AIM OF THE TASK »
Copy exactly the lines of the records below, and only those lines, beginning with the line that contains "Ariana Grande Purple" and ending with the line that contains "Candy Wrapper Purse".

[[ EXCERPTED RECORDS, beginning ]]

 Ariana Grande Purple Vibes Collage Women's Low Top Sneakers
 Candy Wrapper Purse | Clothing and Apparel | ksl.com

[[ EXCERPTED RECORDS, end ]]
[[ EXCERPTED RECORDS, beginning ]]

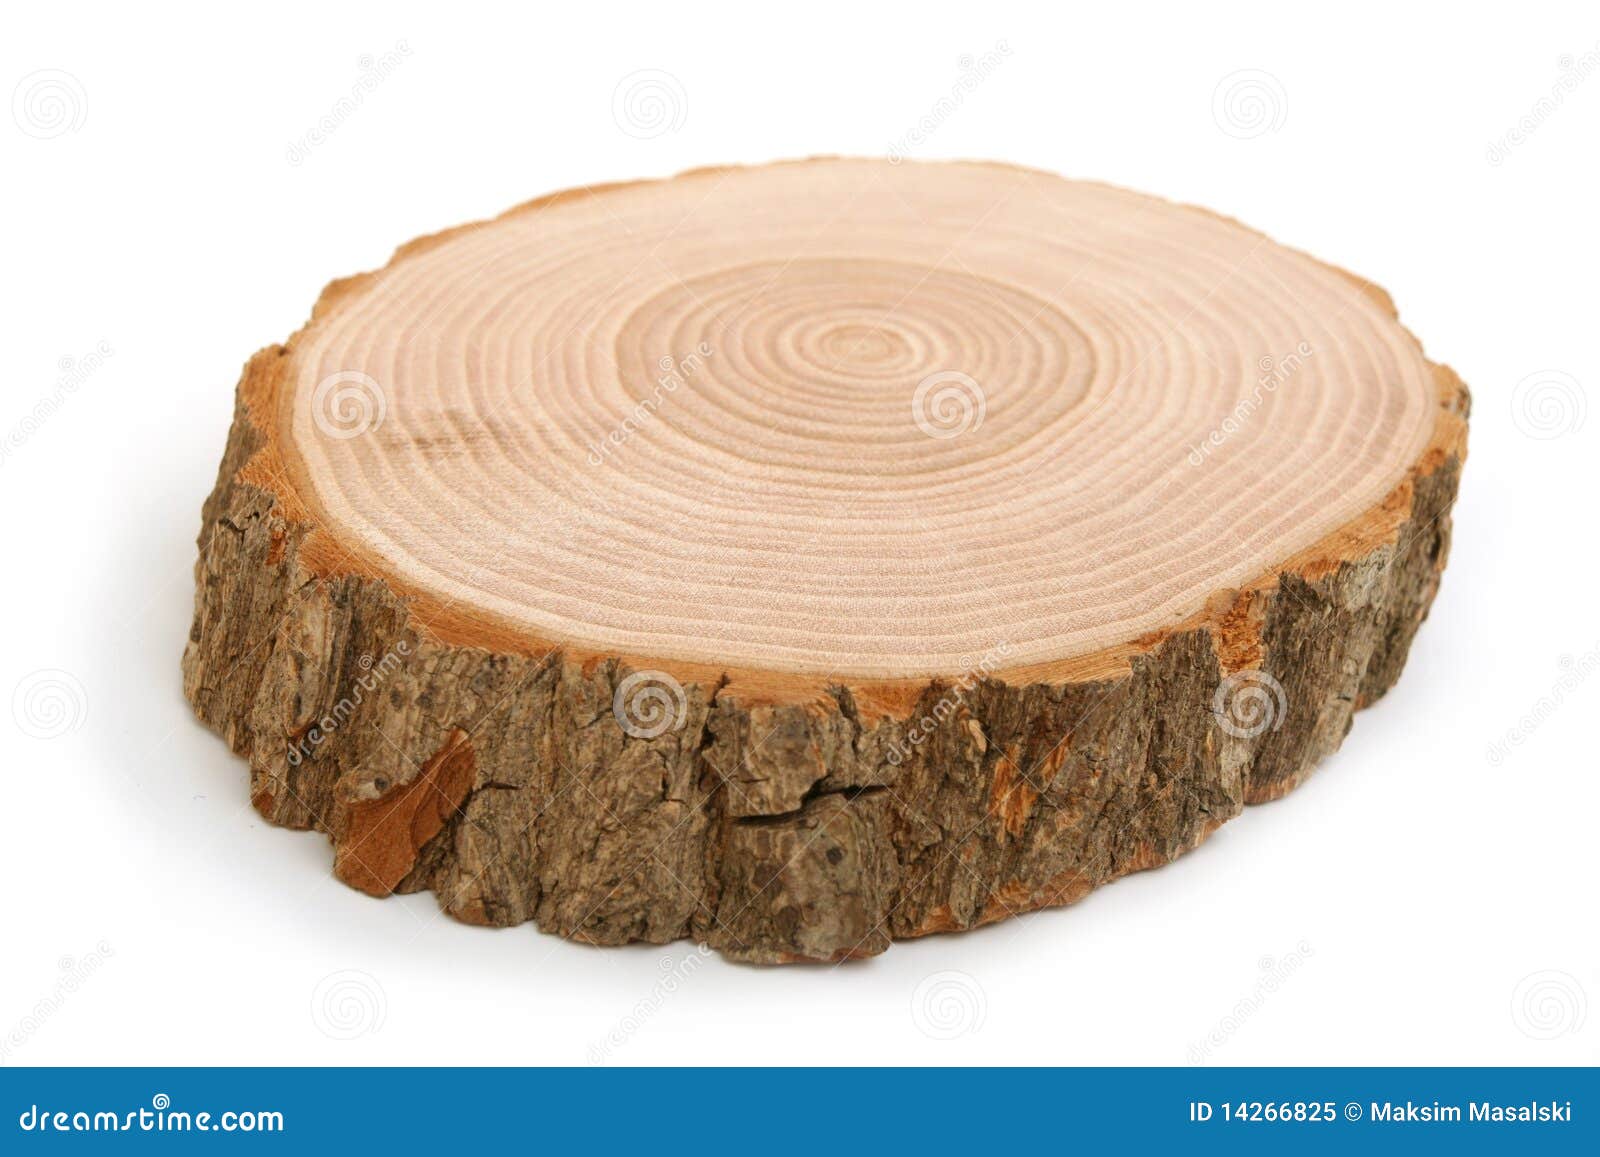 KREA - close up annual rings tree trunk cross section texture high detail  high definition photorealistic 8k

[[ EXCERPTED RECORDS, end ]]

REPLY »
 Ariana Grande Purple Vibes Collage Women's Low Top Sneakers
 Candy Wrapper Purse | Clothing and Apparel | ksl.com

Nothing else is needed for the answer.